6.10.2009

Raindrops keep falling on my head....

And that doesn't mean my eyes will soon be turnin red,
sleepin on the job,
oh, rain drops keep falling on my head,
they keep falling...

Just thought I'd put that oldie-but-goodie as a start to my June 10, 2009 blog. Again, this day will never happen again. Isn't that creepy to think about?
So hmm...I had an idea of what to blog about, but I forgot =] If you're looking for deep thoughts, read yesterdays. It's quite entertaining...and quite long. But still good! I think...
I guess I'll do some bullets. Then if I think I need to discuss something, we shall discuss it together.
  • Bullets have spread throughout blogs, thanks to me =]
  • So has the survey I got from my myspace. I think myspace is becoming obsolete.
  • My spacers hurt like the dickens. Not even funny.
  • "like the dickens" is actually a Shakespearean quote. Really... "What the dickens?" It's true. Shakespeare used it.
  • I can't close my jaw all the way. I'm actually eating blackberries right now because chewing anything else harder hurts....like the dickens =D
  • Wouldn't it be cool if our blood was purple? I was wiping blackberries off my fingers and it came off on the paper towel purple. I thought it was awesome.
  • What would happen to my body if I put purple food coloring in my blood?

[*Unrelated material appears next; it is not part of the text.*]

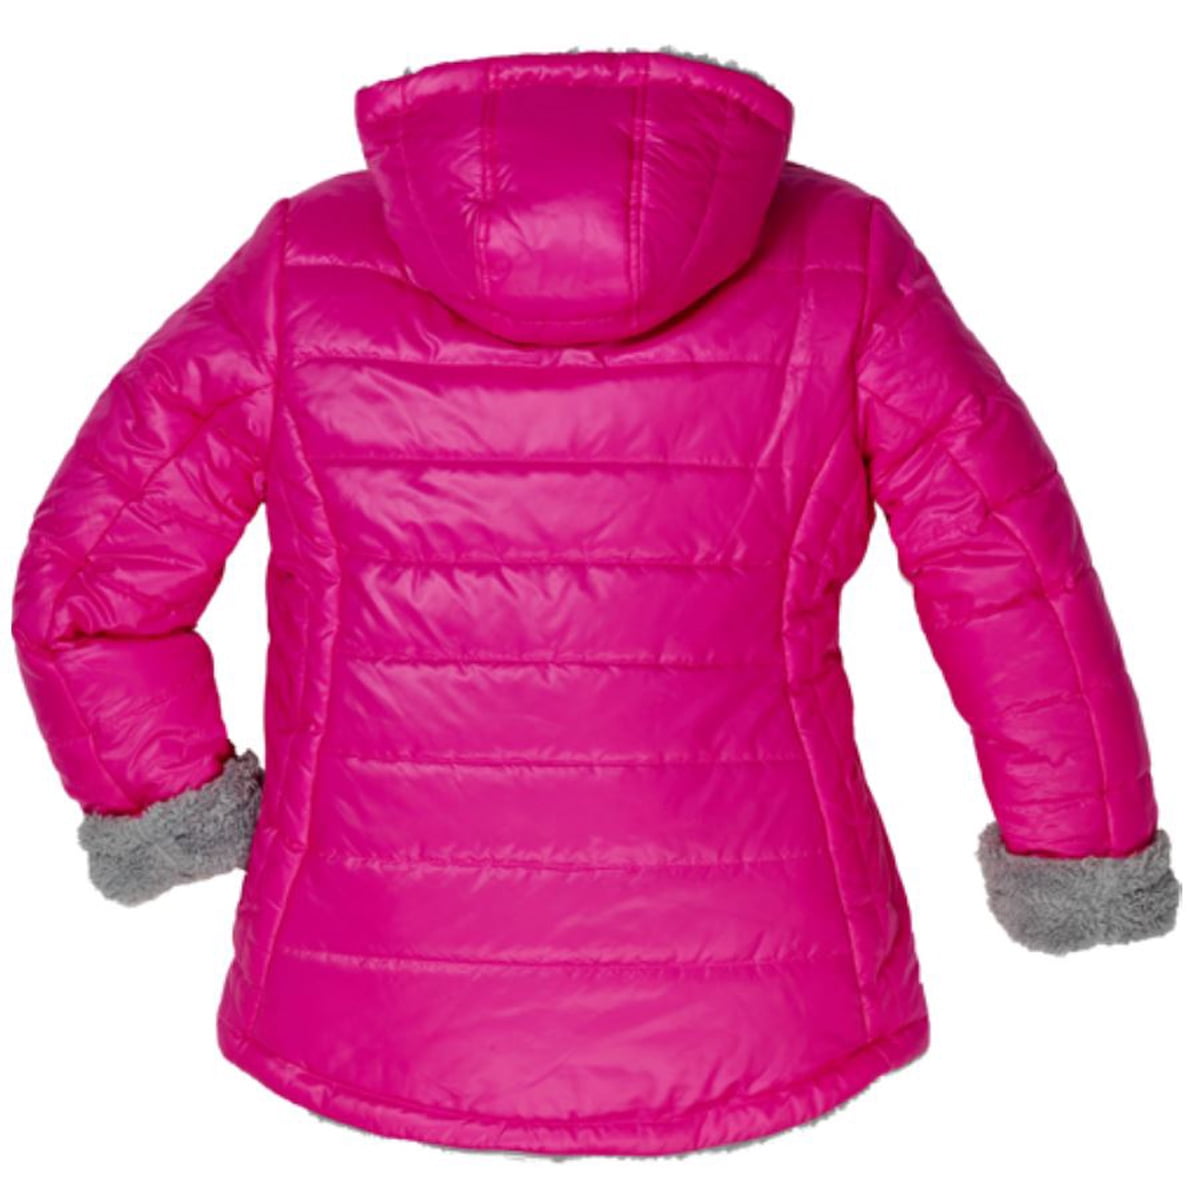 Gerry Girl's Hooded Reversible-to-Berber Down Winter Coat Jacket
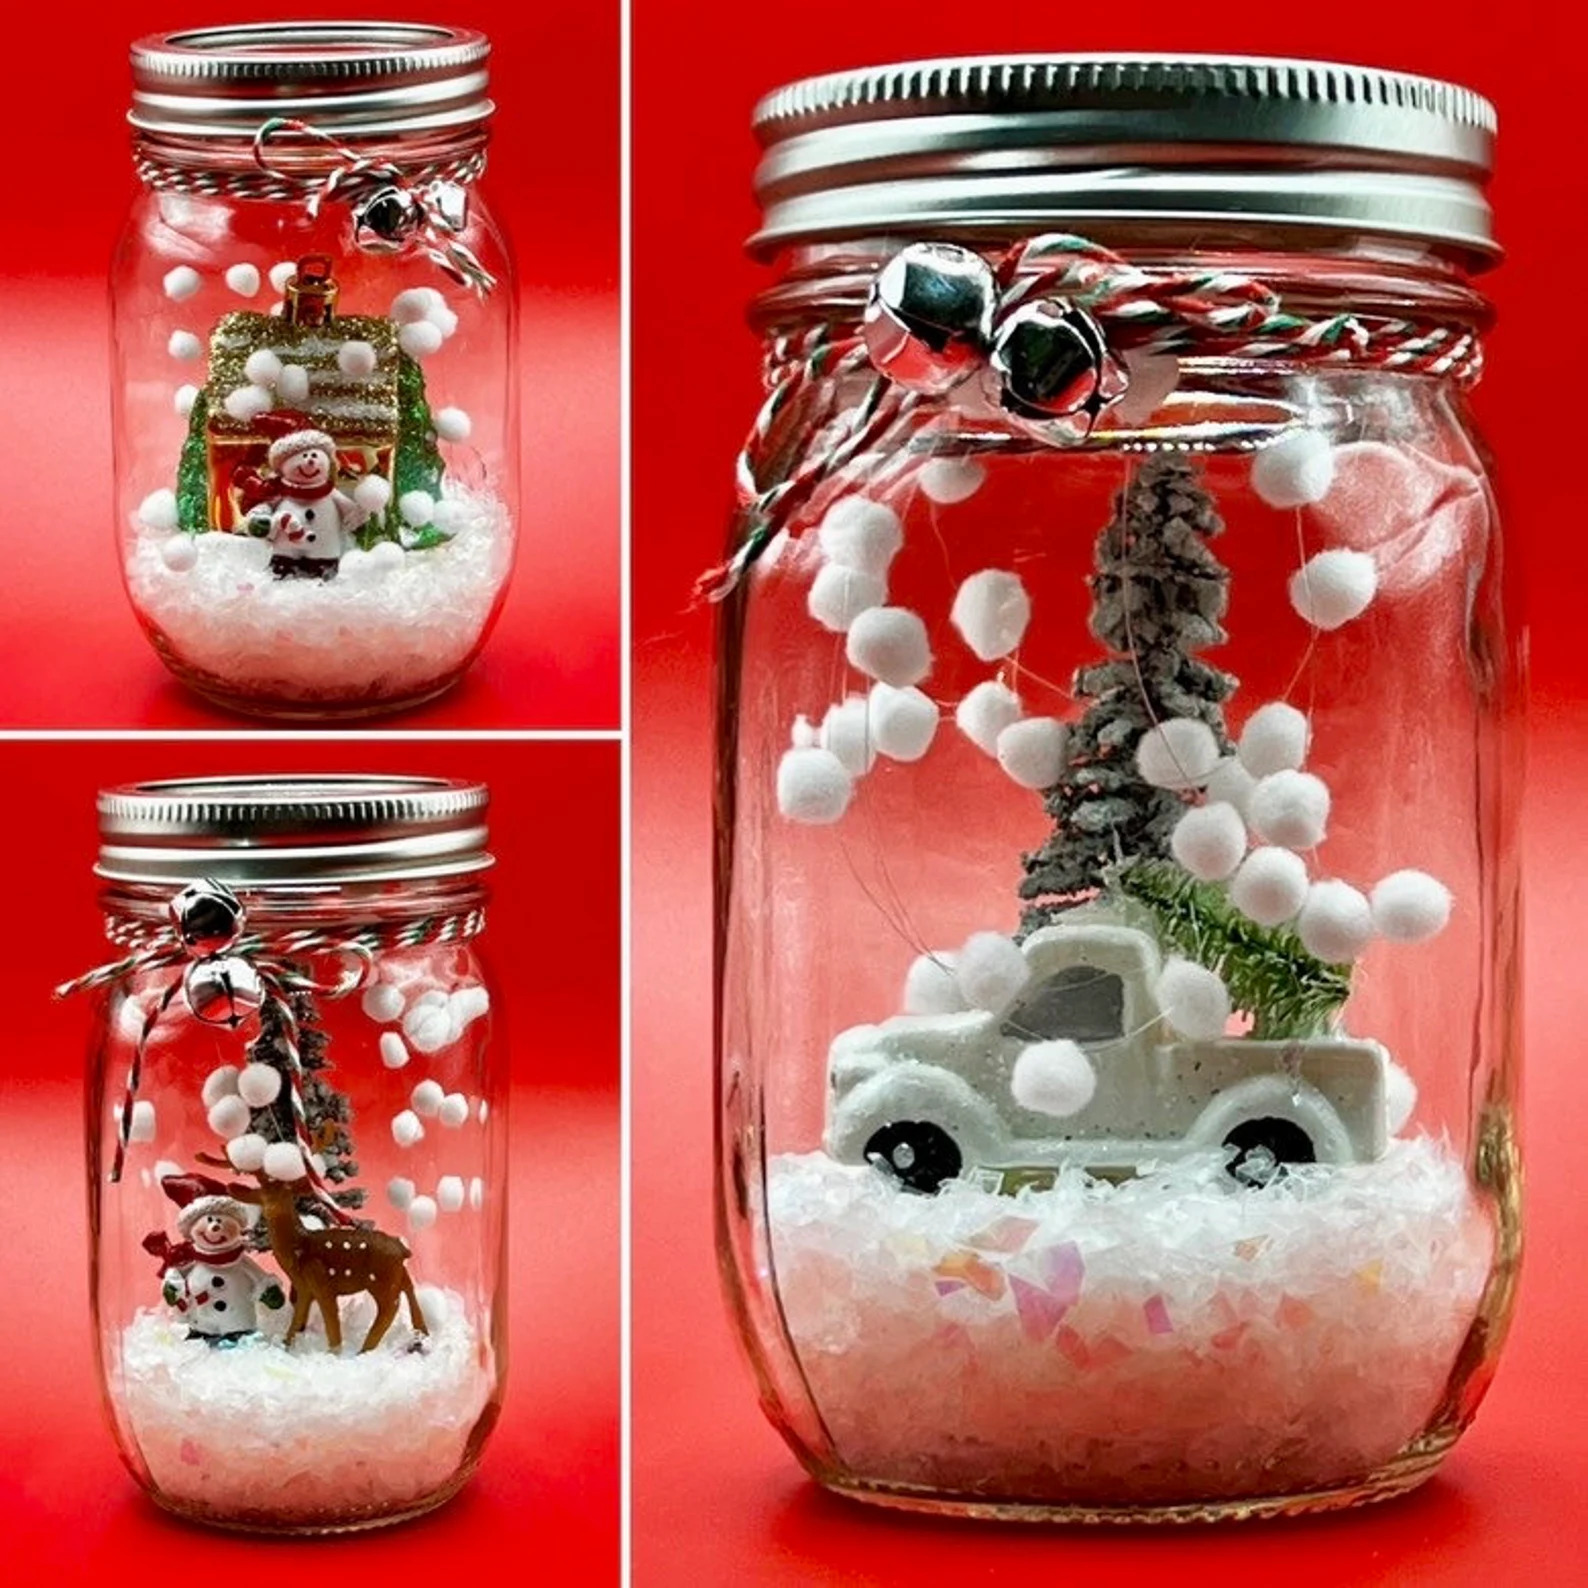 18 Fantastic Christmas Mason Jar Decorations For Your Table Décor

I'd like to experiment, but I don't wanna start coughing up purple blood and have people wonder about me.
  • Then I'd probably be taken by the government, for being ET.
  • Actually LT, since those are my initials.
  • Aren't I clever?
  • Now I'm just rambling.
  • OH WAIT I REMEMBER WHAT I WAS GONNA SAY! But I'll start it after bullets.
  • Elijah makes me laugh. A lot. It's like having a comedian that makes jokes about your life. But sometimes he's not so funny and I wanna punch him in the face. That doesn't happen too often though. "Morning Lij, you have a serious Flock-of-Seagulls look going today" "Thankyou, I attempted it" Goodness me, Elijah.
  • I turn 16 tomorrow. I'll have been alive....I don't know how many days. look over there --->
Now it's time for what I remembered I wanted to blog about.
If you don't follow Amelia's blog "Life Under the Apple Tree", you should. Even if you don't know her. Keep in mind, Amelia, that all the girls that read my blog other than you and Kyra are from church. So...there's not much to worry about.
But Amelia...not being able to trust anybody is SO me. You have NO idea. I mean, I trust Aundi, most of the time...but I feel like I bother her. Because something important happens to Leag, I tell the bundi. And if something important happens to me and I don't tell her, we usually talk about it later and she's like WHY DIDN'T YOU TELL ME?so...we have to find a fine line to where I can tell her about my life without spilling my soul's guts all over her.
Anyway. I have trust issues too, I think. I mean, I trust God obviously, and it's not like God's gonna wake up Morgan Ilg in the middle of the night and tell her secrets about me. But God is hard to just...talk to, ya know? I guess I need to get better at that. Trusting God with all of...me. I'd like to just tell Amelia, "hey Amelia. You can trust me."
but that's really not how it works. You learn to trust as you grow with people...mature, you know? And I'd like to think that Amelia can trust me. But it's her decision, and I know how that goes.
I'm one of those people that thinks everything comes from childhood. Because it pretty much does. There's certain traumatic events that shape our future beings, such as...finding out Santa isn't real and your parents have been lying to you this whole time. THAT breaks trust. I personally never believed in Santa Claus, so I never had to go through that heart break.
I've put a little too much trust in previous boyfriends (Nick especially)
He knew me like the back of his hand. If I wasn't okay, and I thought I was doing SUCH a good job of covering it, he would give me this look that TOTALLY said "You're not okay. You need to say something." EVEN THROUGH TEXT. That takes skill. He could tell what I was really thinking even through texting him. He still knows me pretty well, and I'm good with guessing his motives for things, but it's a relief to be safe inside my own mind. I know that sounds weird, but it's the place where I can be in solitude. Nobody can find you inside your mind, right?
No Amelia, I'll be the one with mental issues, not you...for what I just said.

Anyway. I think I trust too easily. Or at least, I did. The end with Nick kinda...taught me a lesson. Being that people will turn their backs on you.
"When the world turns its (sorry amelia) back on you, you turn your back on the world"
-Timon, The Lion King
And after learning this, Simba screwed himself up, right?
Nuff said.

-The Always Lovely Leah

2 comments:

  1. Hey Leah! I know the end result with Nick was really hard and all but I just wanted to say I'm glad you got through it and in the end learned something valuable from all of this! You are an amazing person, don't ever forget that!
    I love ya girly!
    ~morgan

    ReplyDelete
  2. Thanks Morgan =] Yeah, I'm all good with Nick, actually.